■ **What to produce**: Quote every line of the data below as it stands, omitting pictures.

##### Dataset section

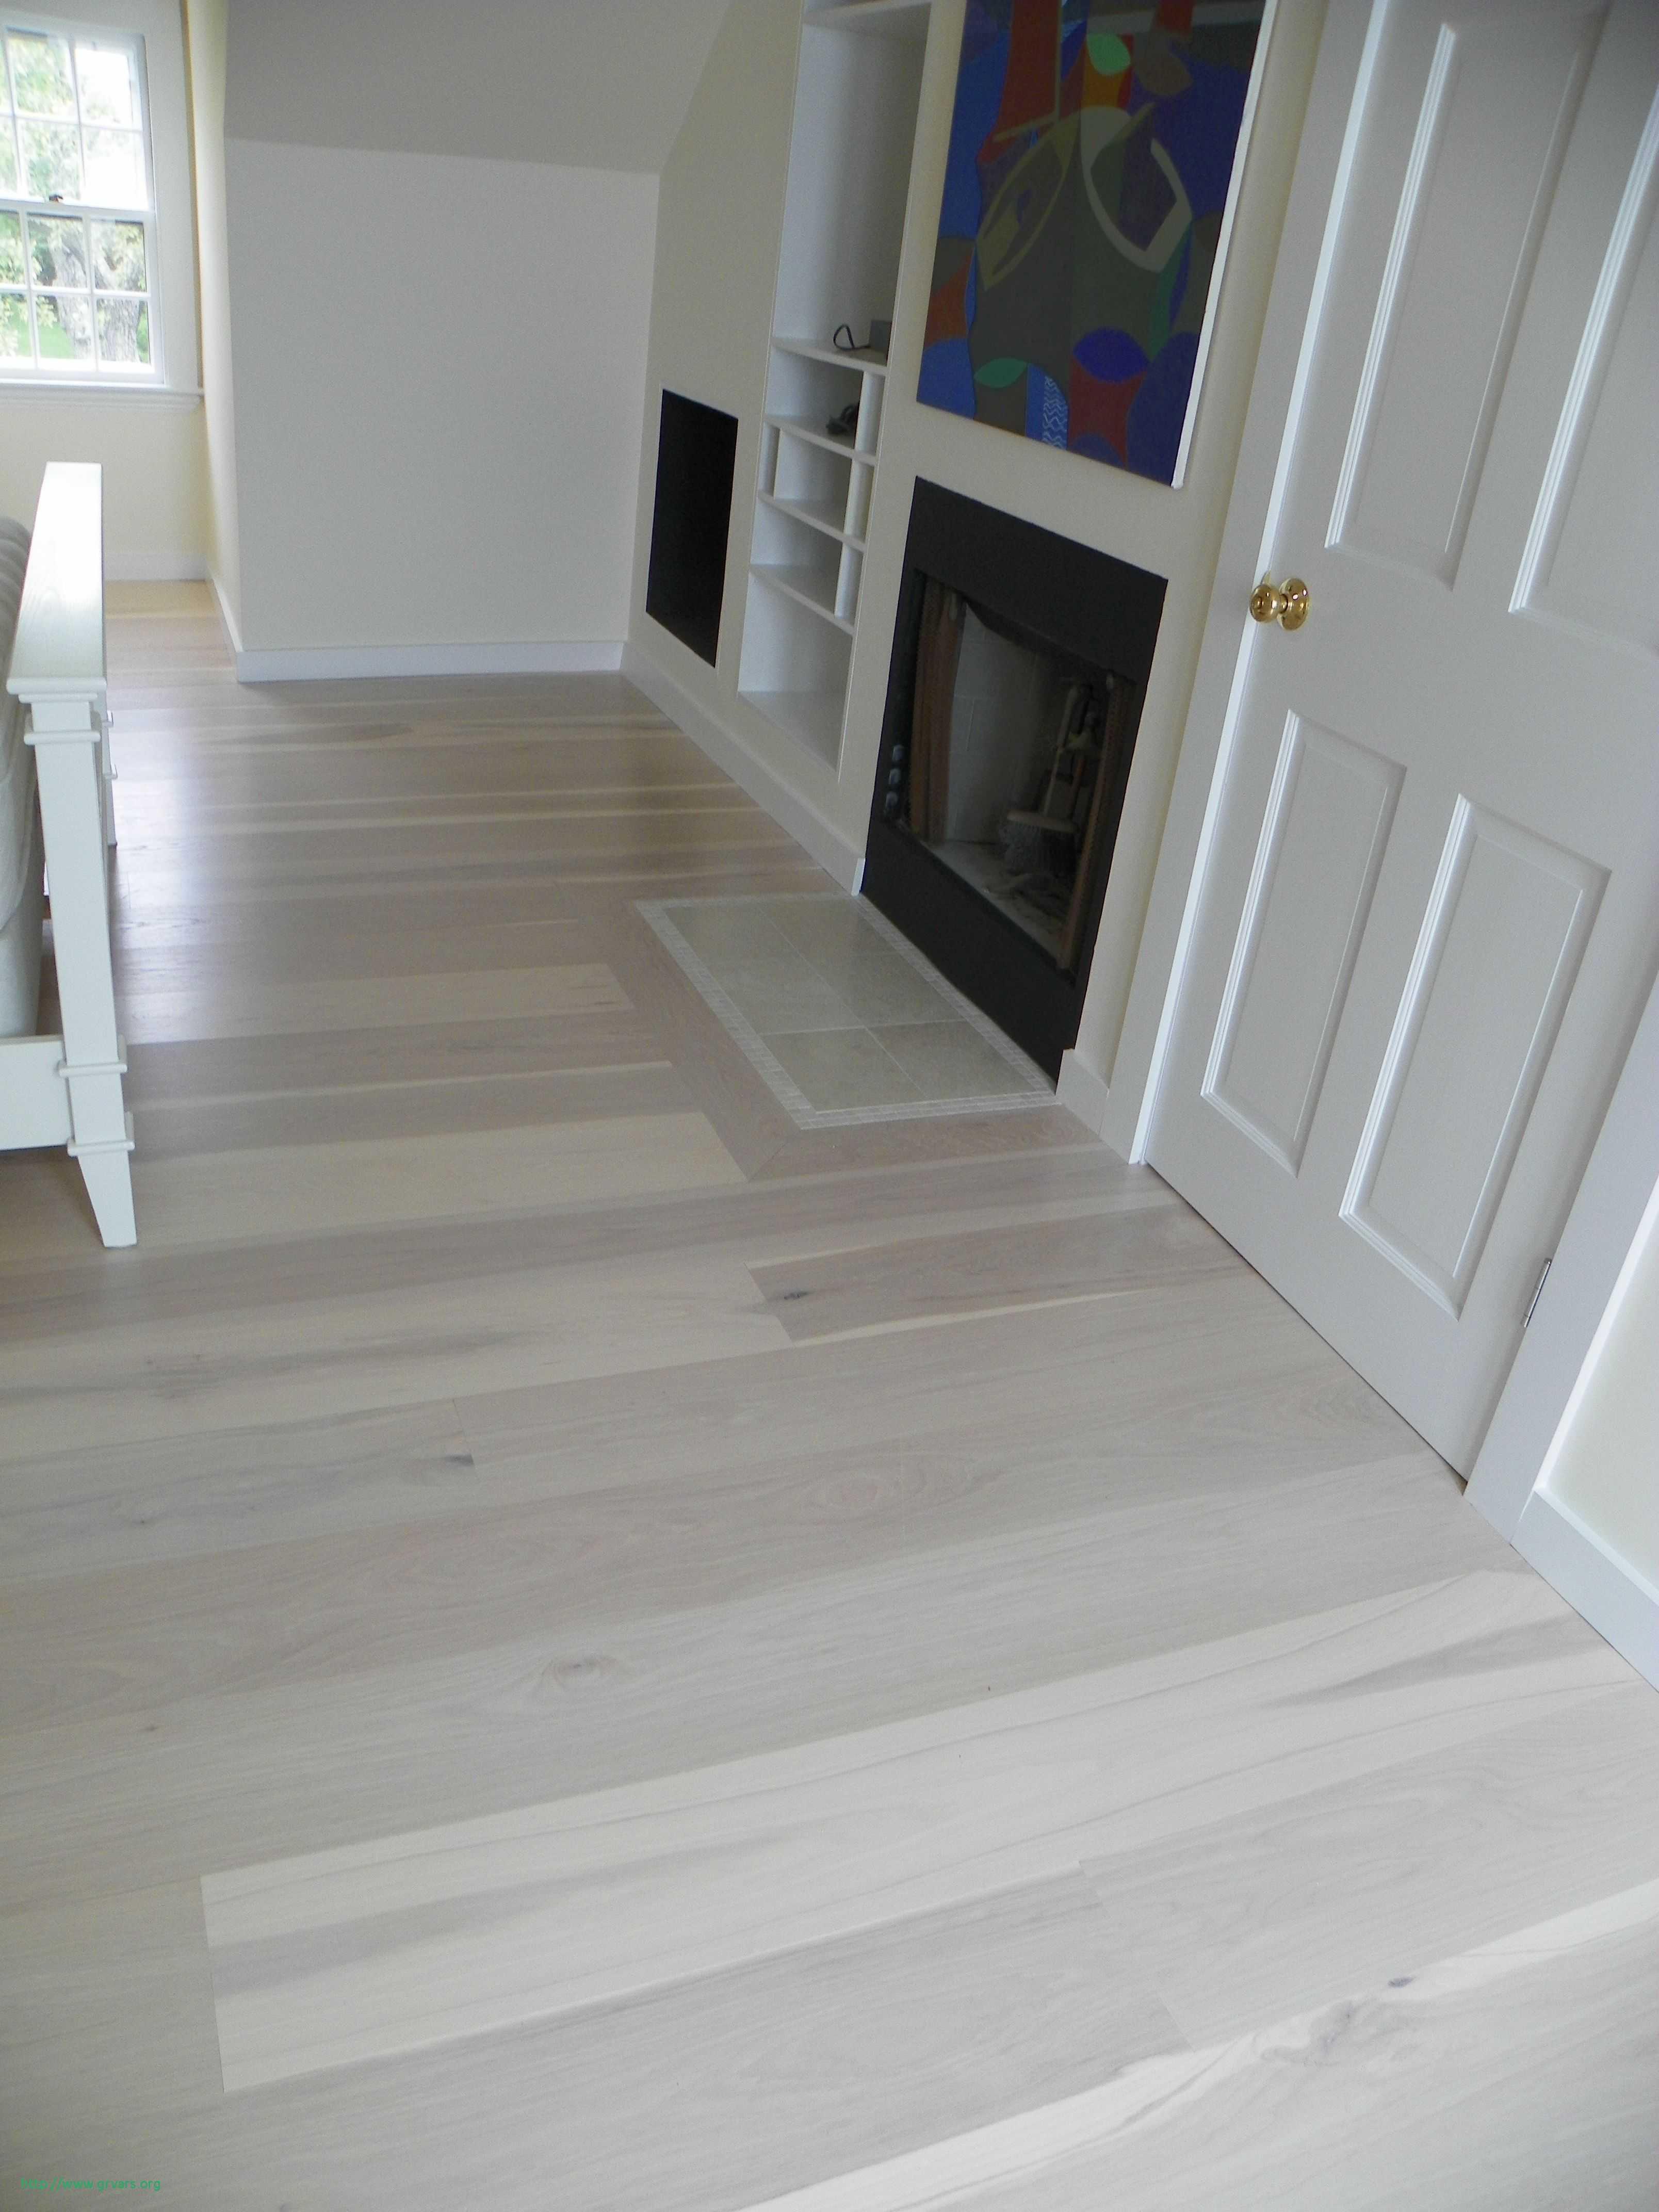 tropical walnut hardwood flooring of 21 luxe how to clean prefinished hardwood floors with vinegar regarding blog wood floors pine flooring
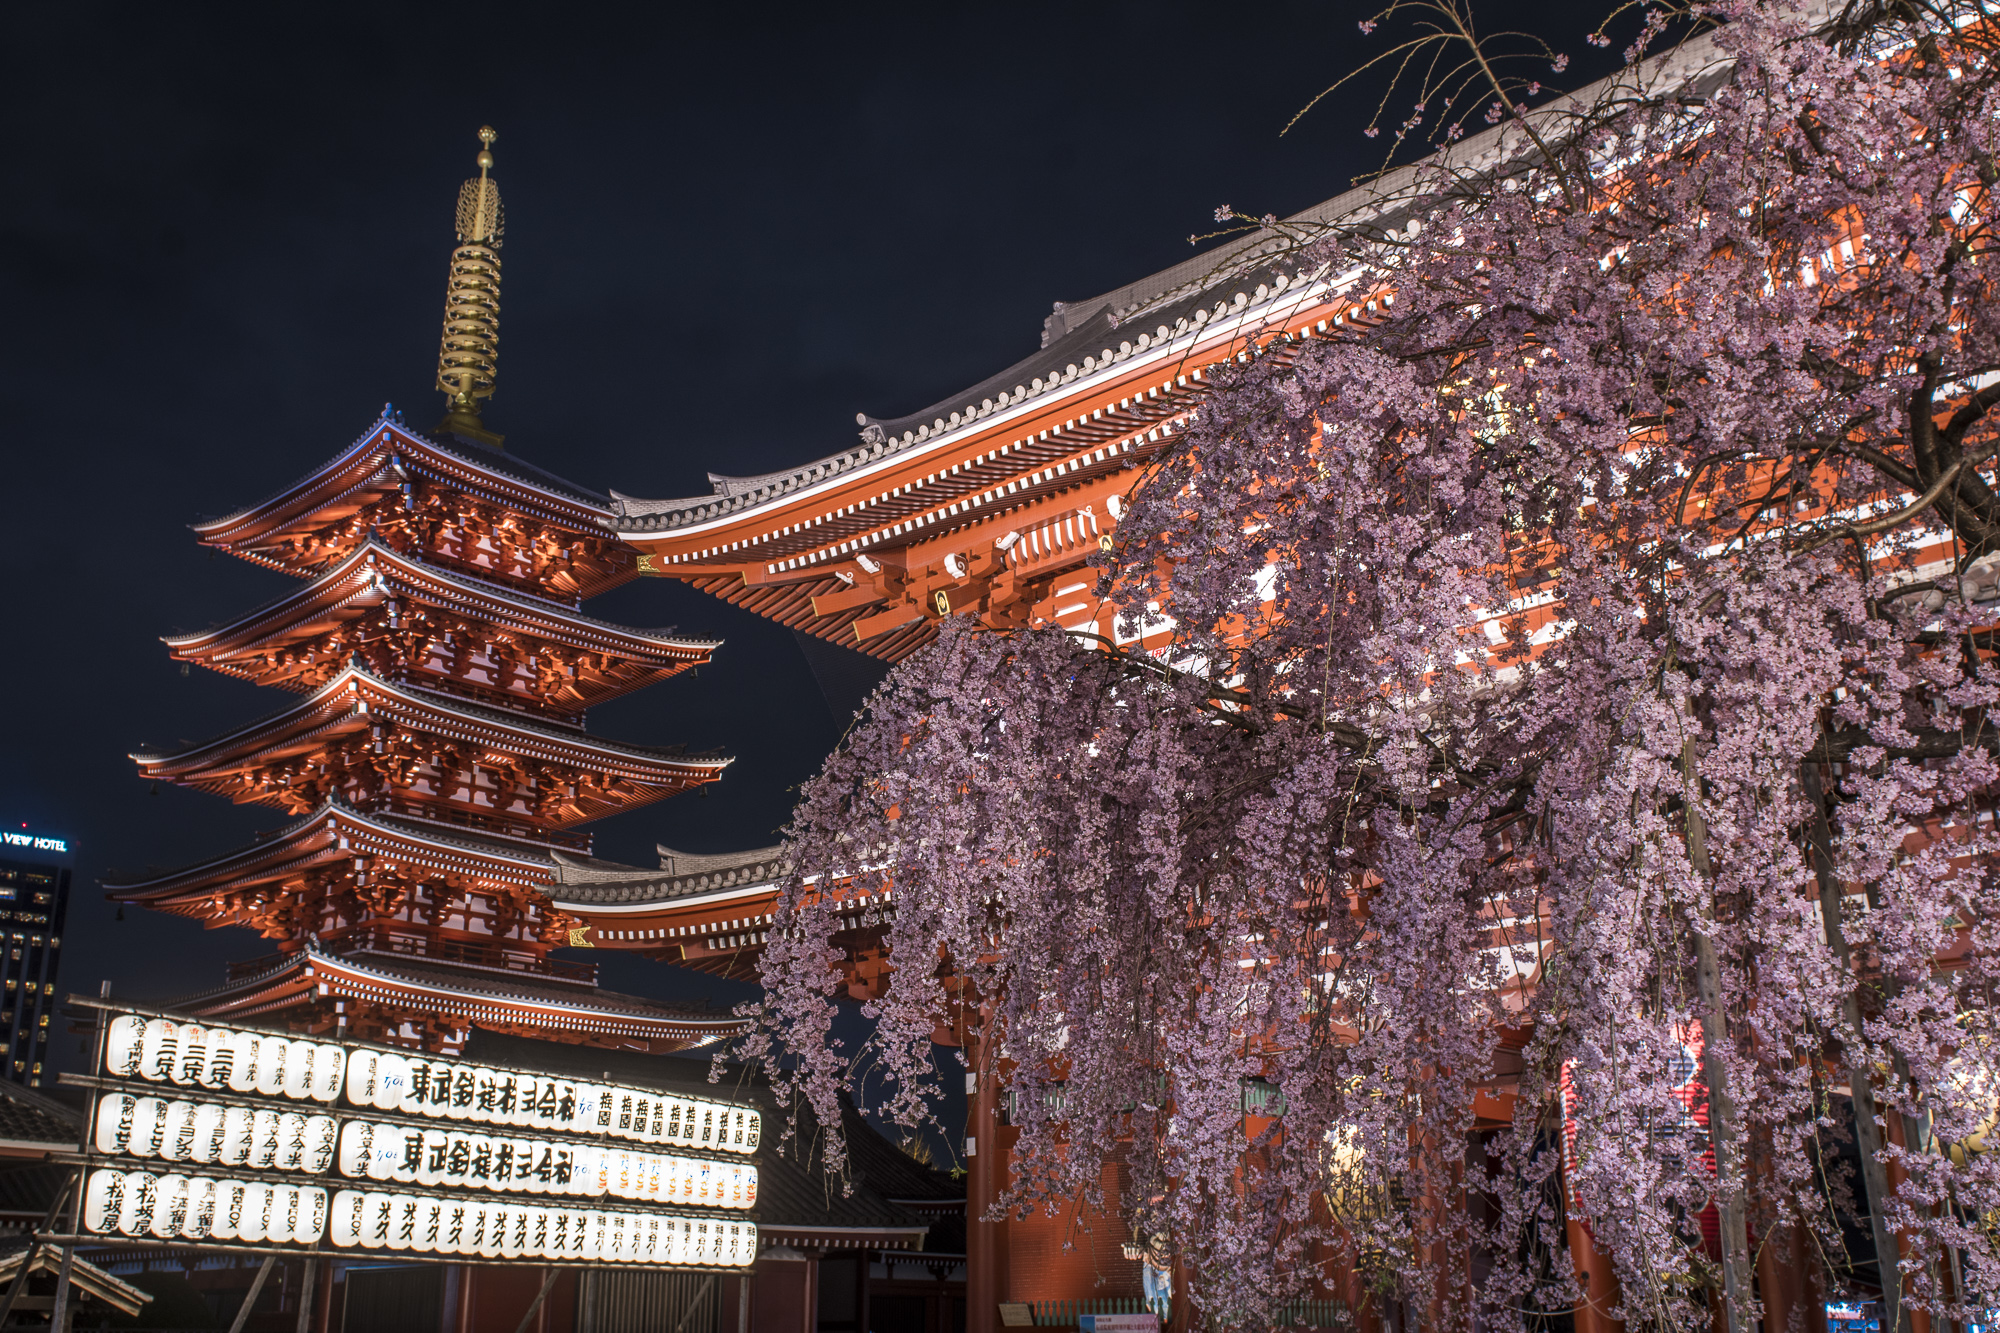 Senso-ji, Tokyo  PHOTOGRAPHY: ALEXANDER J.E. BRADLEY • NIKON D500 • AF-S NIKKOR 24-70MM Ƒ/2.8G ED @ 24MM • Ƒ/8 • 0.625sec • ISO 100
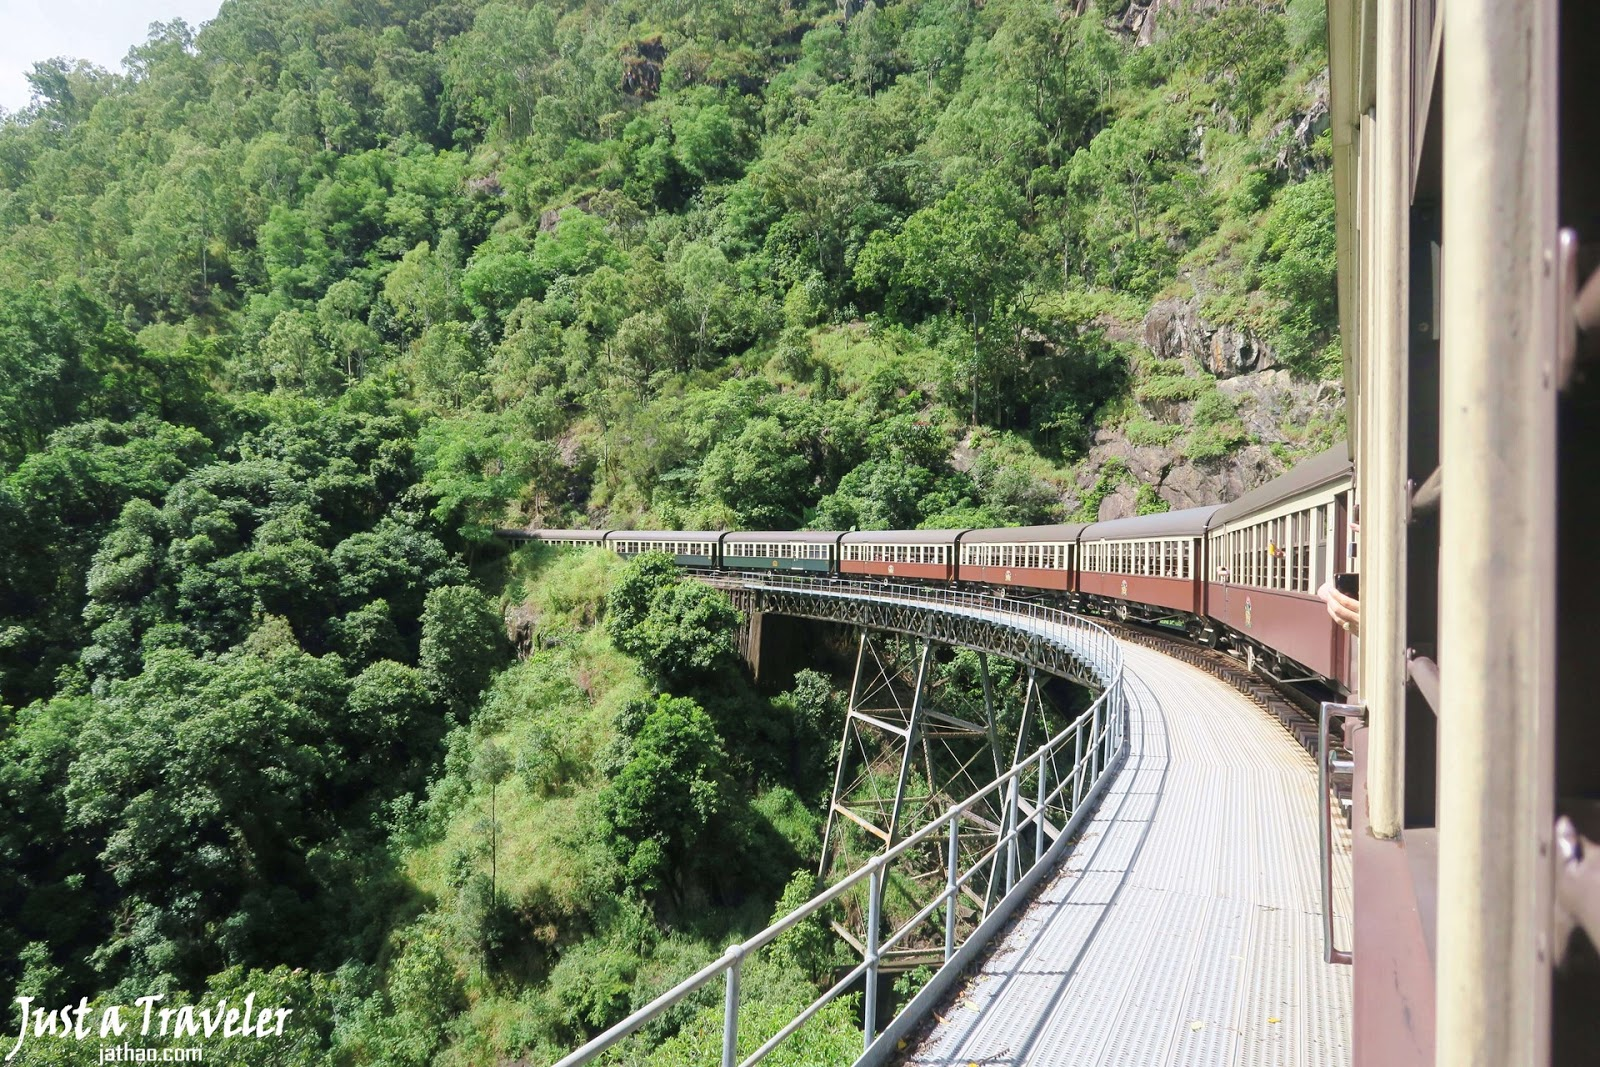 凱恩斯-景點-推薦-庫蘭達-火車-旅遊-自由行-澳洲-Cairns-Tourist-Attraction-Kuranda-Train-Travel-Australia

##########

■ **Answer to this problem**:
 tropical walnut hardwood flooring of 21 luxe how to clean prefinished hardwood floors with vinegar regarding blog wood floors pine flooring
 Senso-ji, Tokyo  PHOTOGRAPHY: ALEXANDER J.E. BRADLEY • NIKON D500 • AF-S NIKKOR 24-70MM Ƒ/2.8G ED @ 24MM • Ƒ/8 • 0.625sec • ISO 100
 凱恩斯-景點-推薦-庫蘭達-火車-旅遊-自由行-澳洲-Cairns-Tourist-Attraction-Kuranda-Train-Travel-Australia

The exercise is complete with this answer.